Every line from the one holding "earthshine moon over roof" through the one holding "Primena nove tehnologije" in the data below must be returned exactly, both ends included, with pictures left out and nothing else added.

*The data*:
+++
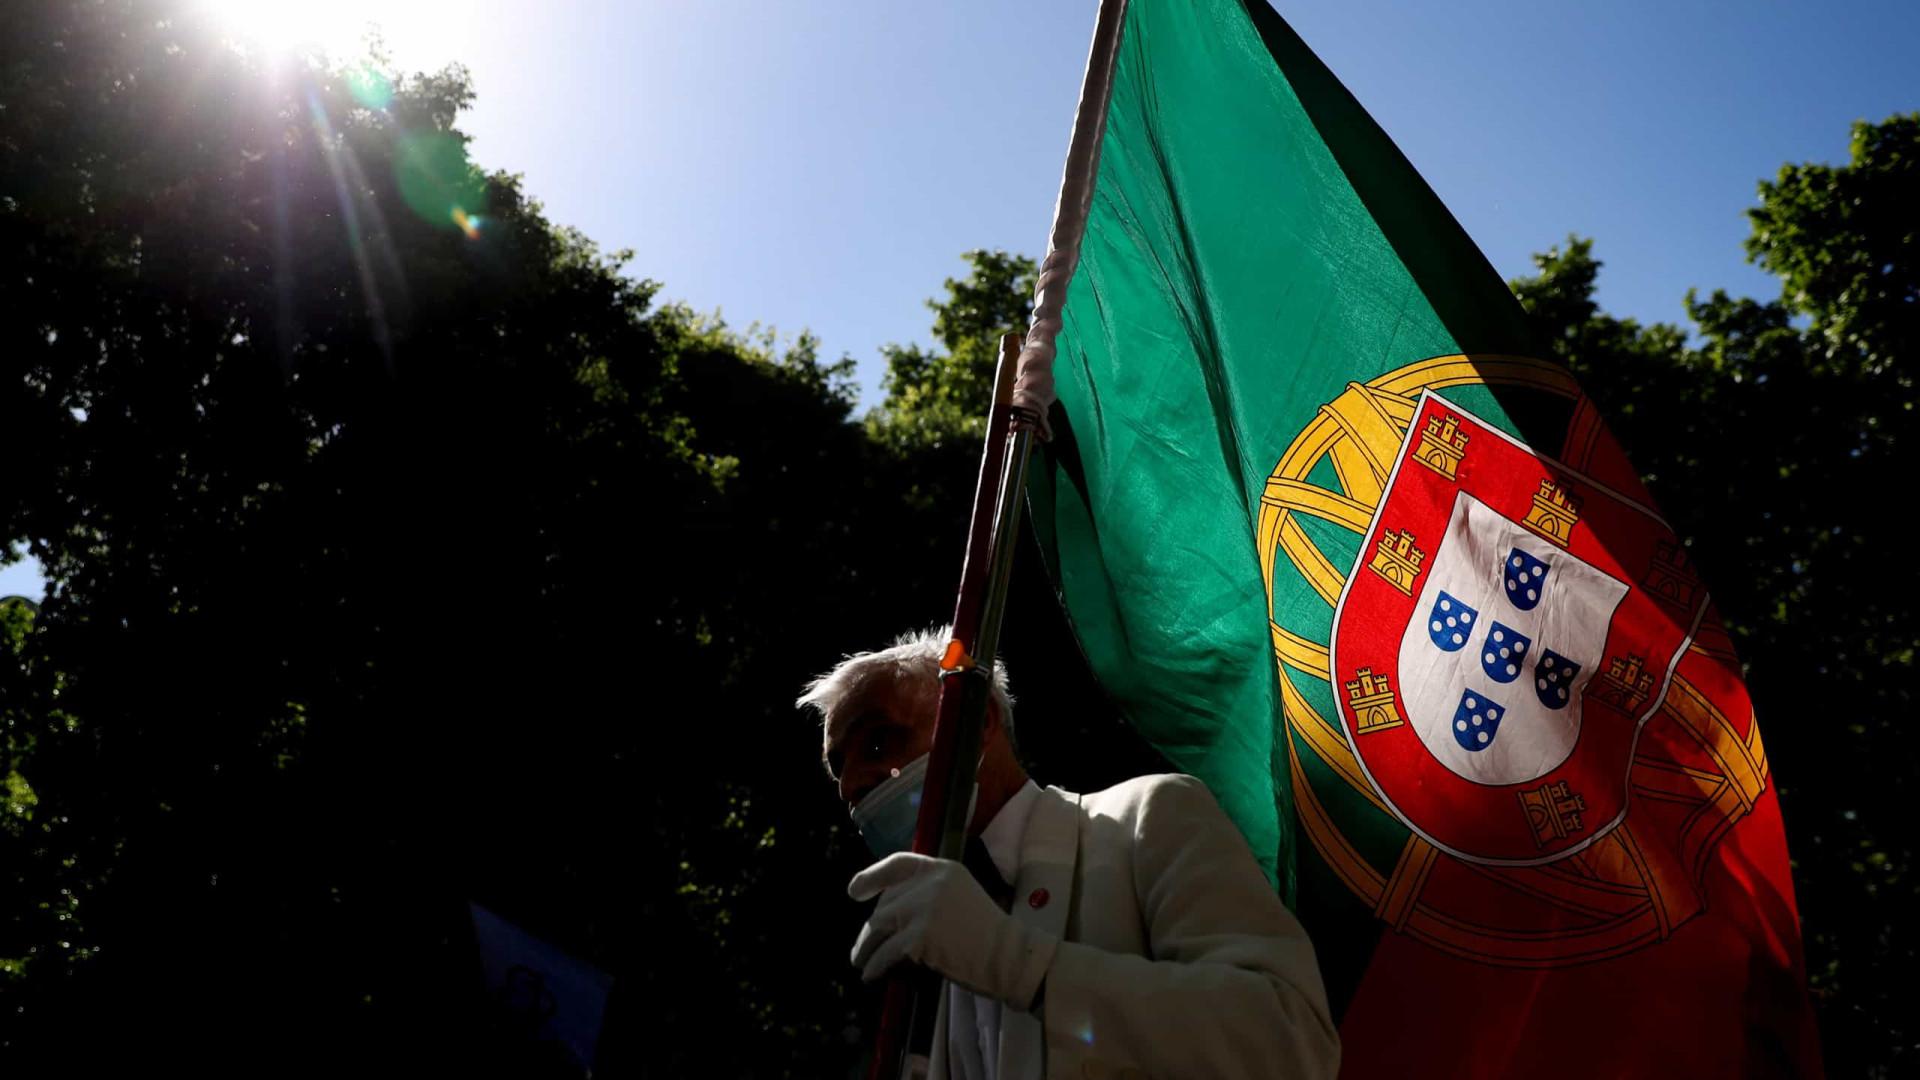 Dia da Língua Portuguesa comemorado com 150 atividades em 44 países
+++
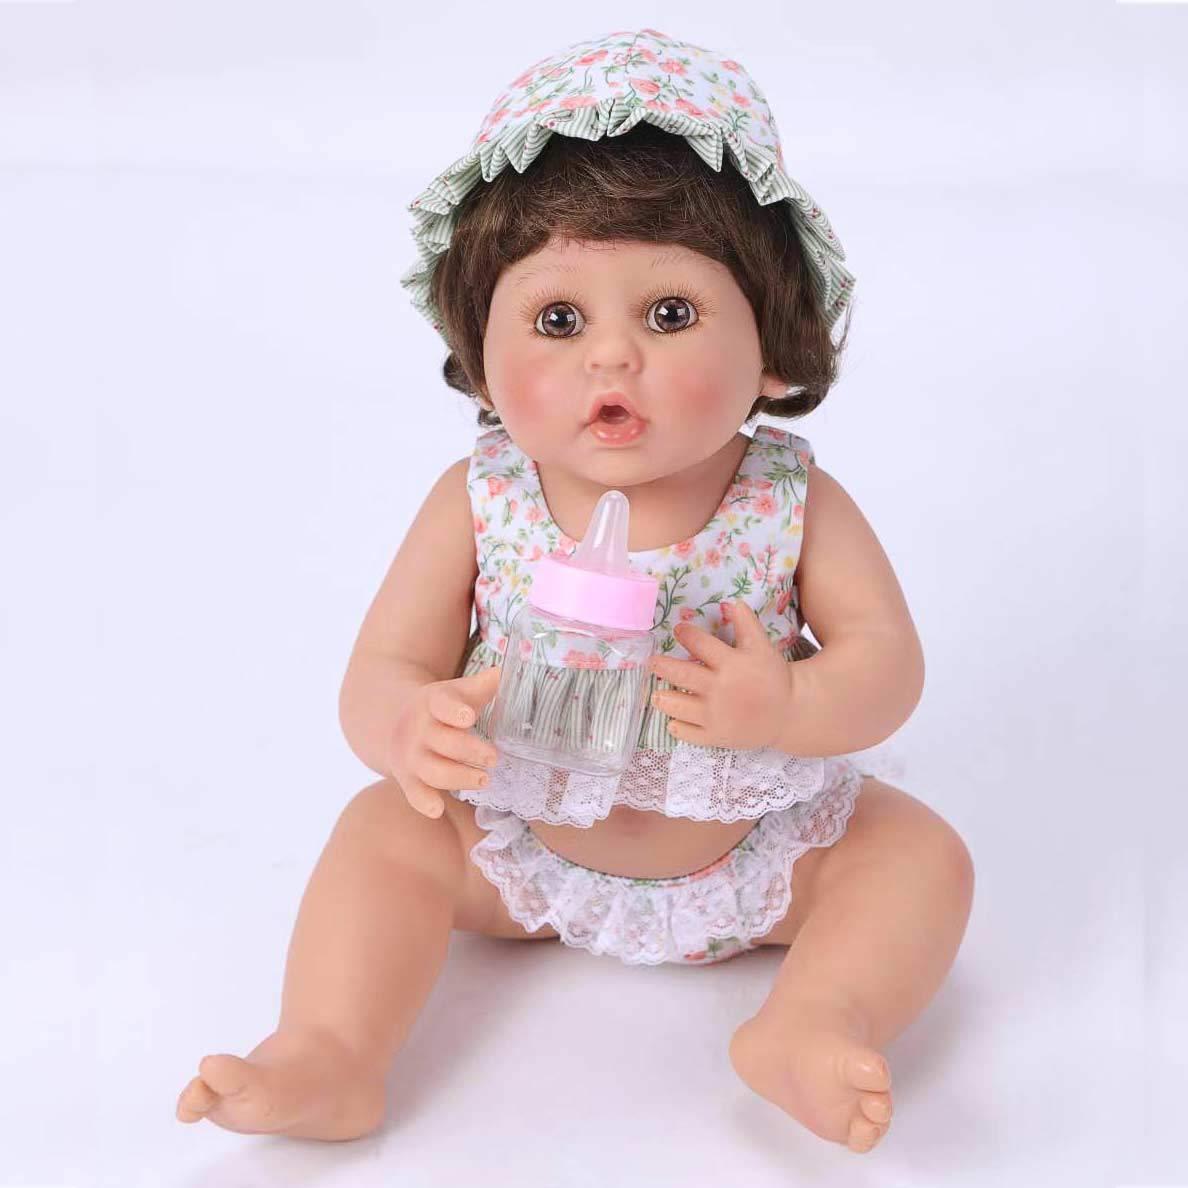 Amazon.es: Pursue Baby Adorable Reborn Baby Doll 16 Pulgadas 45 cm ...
+++
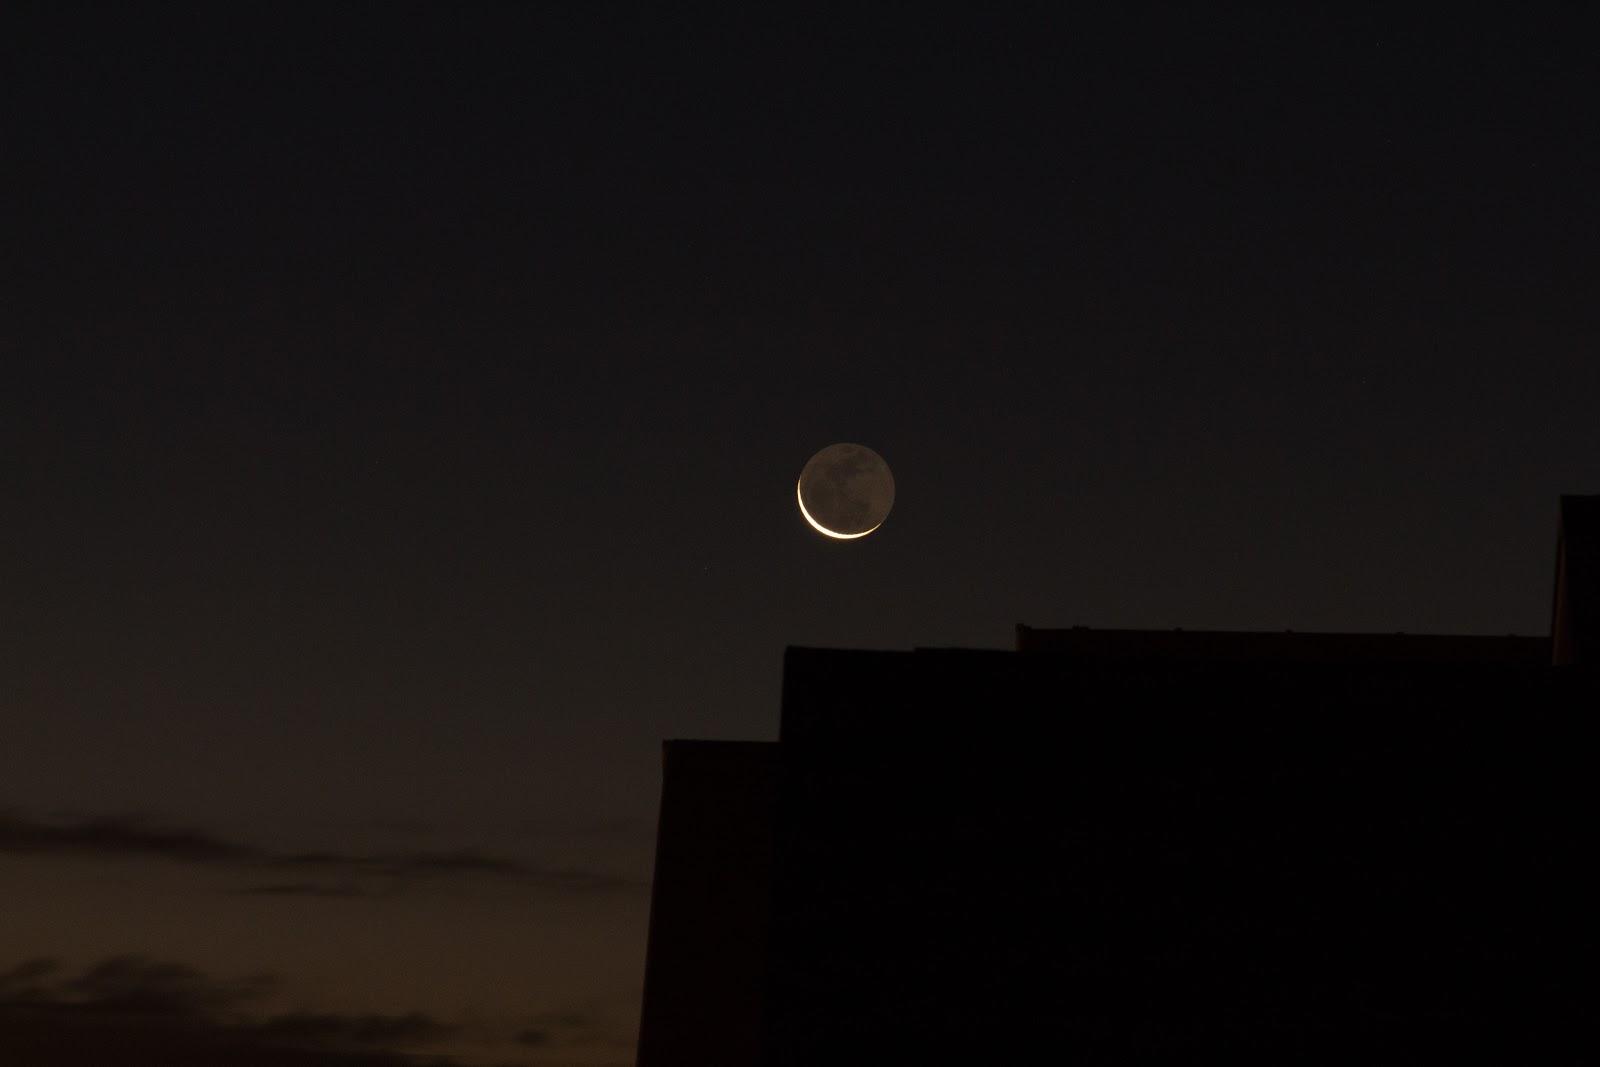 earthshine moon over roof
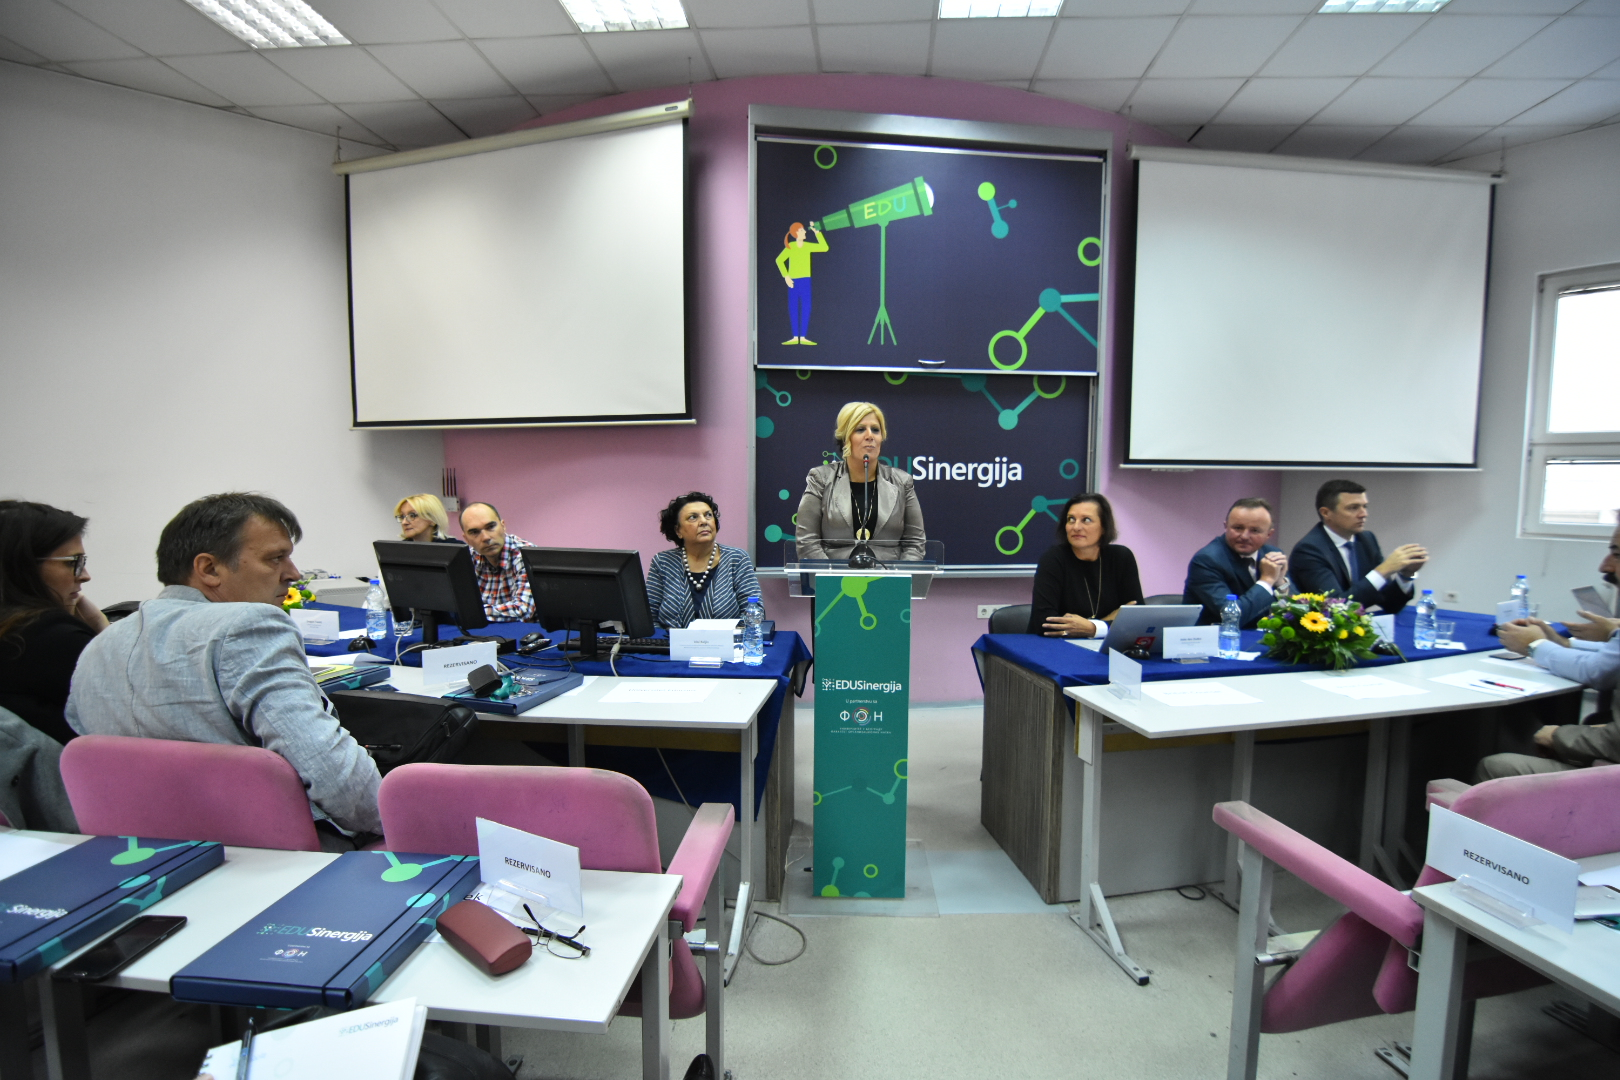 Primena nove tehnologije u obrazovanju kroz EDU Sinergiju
+++
*Solution for this task*:
 earthshine moon over roof
 Primena nove tehnologije u obrazovanju kroz EDU Sinergiju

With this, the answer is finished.